Qu’est-ce que la lutherie ?

Bien que courte et étroite, la Rue des Foxes abrite des gens et des lieux qui me fascinent. N°1, une maison blanche avec des boiseries gris perle. Au rez-de-chaussée, un atelier.

A travers la fenêtre, je vois de nombreux outils, divers violons, un établi devant lequel Antoni Jassogne, artisan luthier travaille. Je sonne. Il se lève et souriant me laisse entrer dans sa tanière où je suis pris par une odeur d’essence et de résine d’arbre.

À ma question : « Qu’est-ce qu’un violoniste ? », sa voix à peine perceptible mais précise, me met en phase avec la tranquillité qui règne dans son espace de travail : « Un luthier est l’artisan qui construit et restaure des instruments à cordes tels que violon, alto, violoncelle, contrebasse ».

Musicien et artisan

En plus de la musique qu’il a étudiée au Conservatoire Royal de Musique de Mons où il a été premier prix dans Avant de commencer les cours de contrebasse, Antoni Jassogne a une autre passion, la menuiserie. Un jour, originaire de Bruges, qui a passé une grande partie de sa vie à Charleroi, il a voyagé dans le sud de la Pologne, pays de ses ascendants maternels. À Zakopane, il a appris la technique de construction du maître luthier Franciszek Mardula. Il poursuit son apprentissage auprès de Jean-Frédéric Schmitt, célèbre luthier lyonnais et grand maître de la restauration des instruments à cordes. De retour en Belgique, il installe son atelier sur la Place du Sablon avant de l’établir en 1992 au n°21 rue des Renards.

Élaboration d’un instrument

« Le point de départ d’un instrument vient du reflet du luthier », explique-t-il. C’est à partir de la règle du nombre d’or qu’il conçoit chacune de ses créations. Principe trouvé dans les dimensions de la pyramide de Khéops construite en Egypte a plus de 4.500 ans, dans les colonnes doriques du Parthénon érigées en Grèce entre -447 et -438, dans les cathédrales gothiques des grandes villes européennes au Moyen Age et dans de nombreuses œuvres de la Renaissance (il a alors été appelé « proportion divine »).

Appliquant ce nombre irrationnel, représenté par la lettre grecque phi, de la pointe du crayon, sur papier à dessin, il trace des lignes droites et des courbes qui se suivent, se croisent pour démarrer le plan d’un plan propre qu’il fixe avec la boussole et le carré pour créer un rapport de proportion qui il considère comme particulièrement esthétique. De ce croquis, les formes arrondies de la volute située à l’extrémité du cou, la table d’harmonie, la partie de l’instrument qui amplifie les sons et les branchies, les trous symétriques qui permettent les oscillations de la table.

Fabrication

Par son oreille absolue, il écoute les instruments sans diapason ; par ses mains, la table d’harmonie, le rouleau, les chevilles, le bouton, le cou, le cordier, le chevalet, la touche émerge de blocs d’épicéa, de palissandre, d’érable, d’ébène, dont il choisit avec soin l’origine et l’âge. Avec méthode et compétence, il recueille les différents éléments ( /- 80) par les attacher à la colle chaude avant de couvrir l’instrument avec 5 ou 6 couches de vernis, qu’il prépare avec des résines naturelles et des huiles essentielles. D’un morceau d’épinette, il devra façonner « l’âme », un petit tronçon en bois qui amplifiera le son. Il le positionnera à l’intérieur de l’instrument à l’aide de la « pointe aux âmes », en présence de l’acheteur s’il s’agit d’une restauration.

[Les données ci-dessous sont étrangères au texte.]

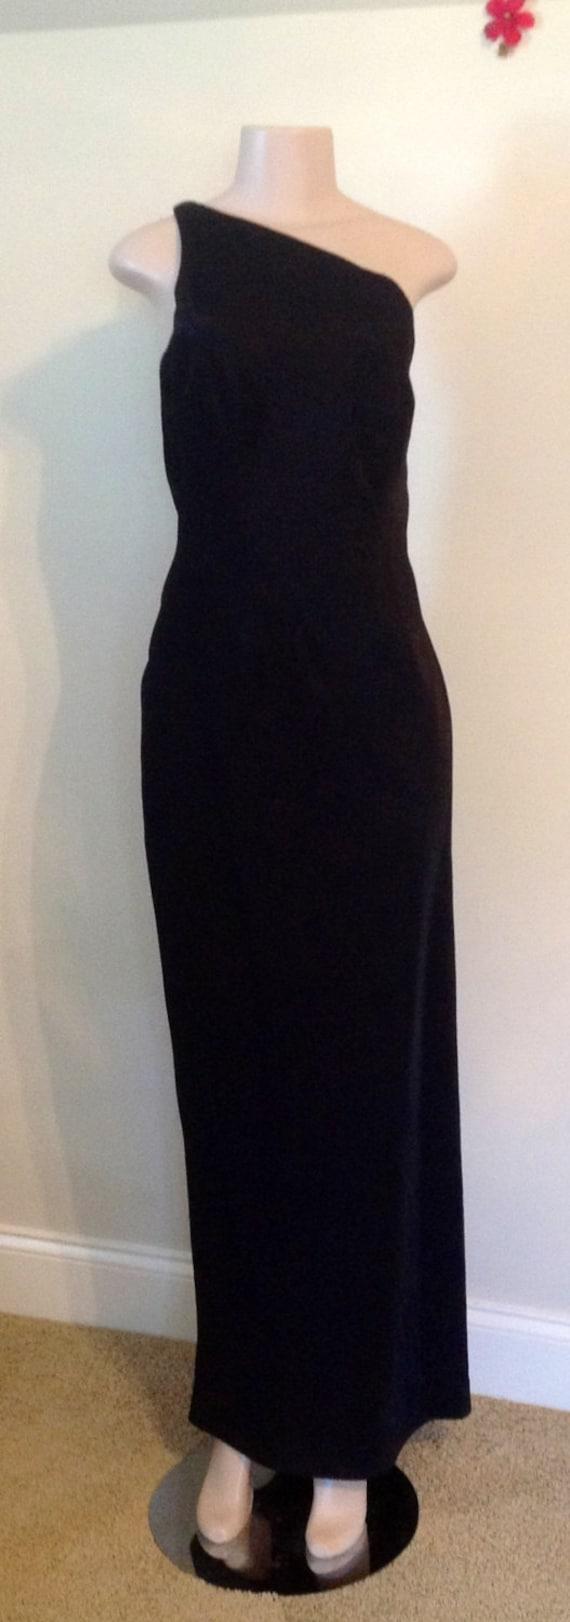 Black Long  Marien St. Claire Formal Gown - image 1
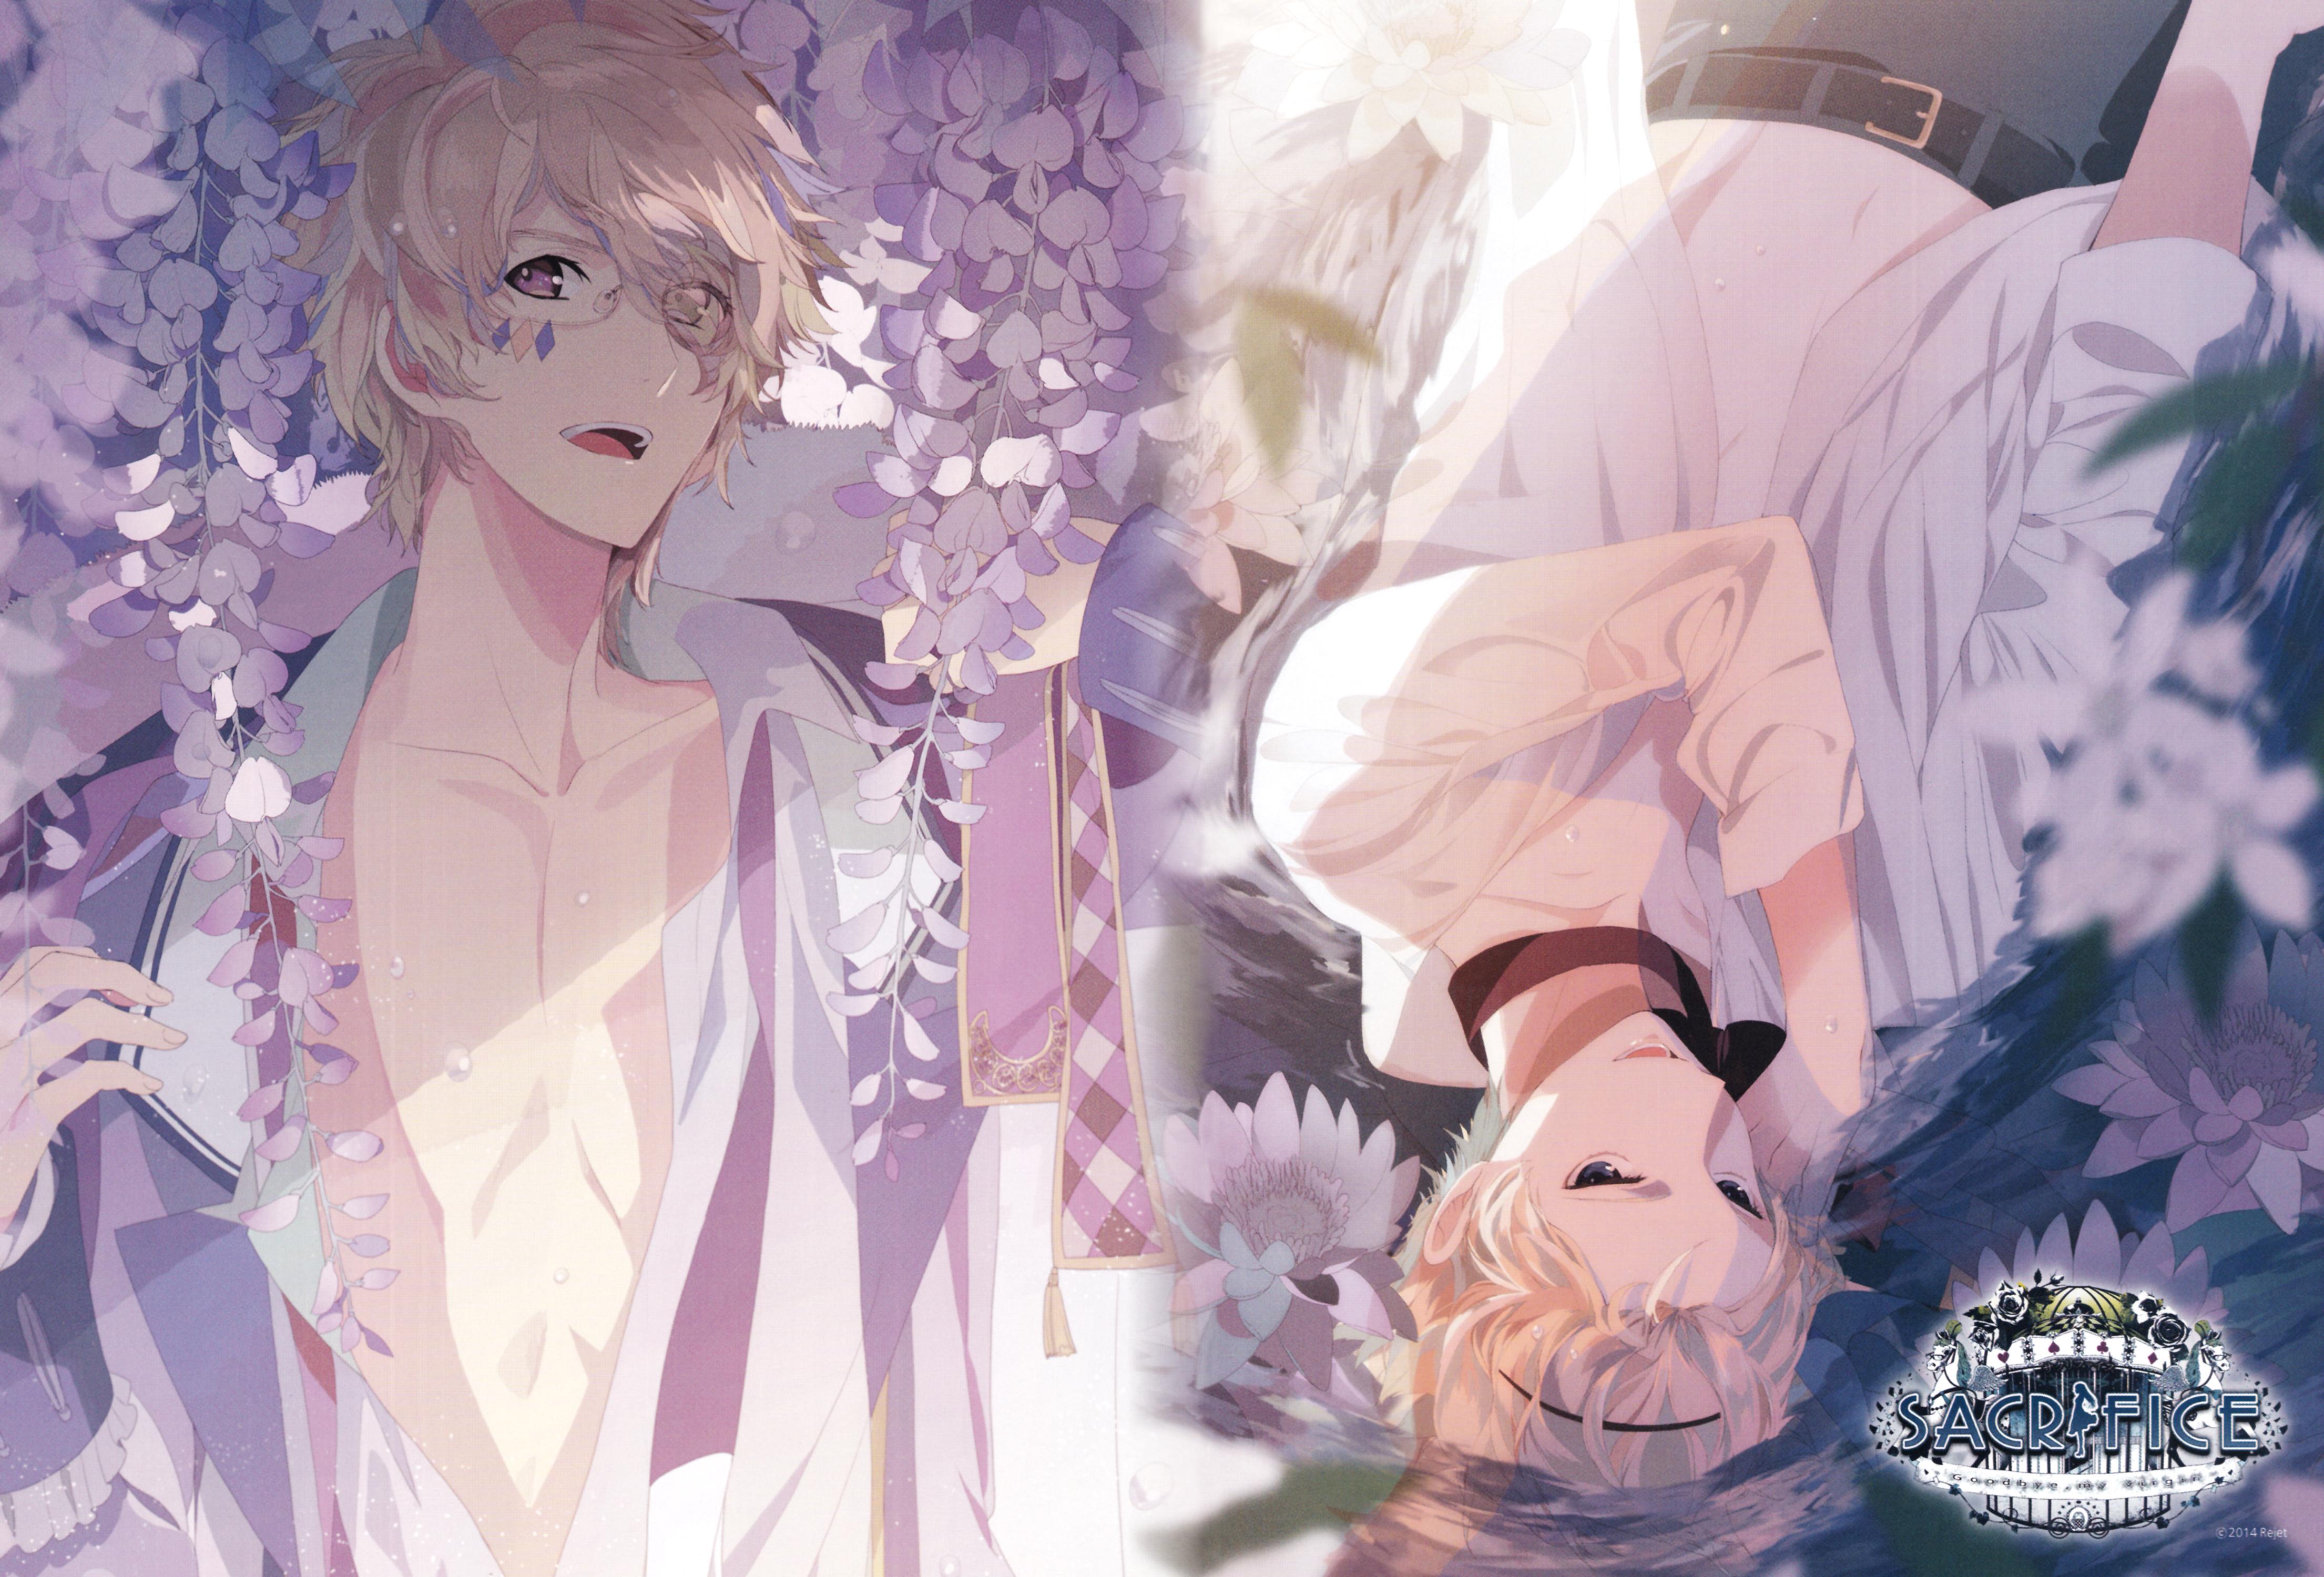 SACRIFICE (Drama CD) Image #1816192 - Zerochan Anime Image Board

Restaurateur, il suit le chemin de ses créations comme d’autres ; pendant 10 ans, il s’occupe d’un Guarnerius Del Gesu de 1744, appartenant à Arthur Grumiaux, violoniste belge de renommée internationale (1921-1986).

Je laisse Antoni Jassogne heureux d’avoir rencontré un être sensible, particulièrement doué qui, malgré ses connaissances et savoir-faire reconnus par ses pairs, réfute le titre de « Maître » qu’il trouve couvert et choisit celui d’ « Artisan ».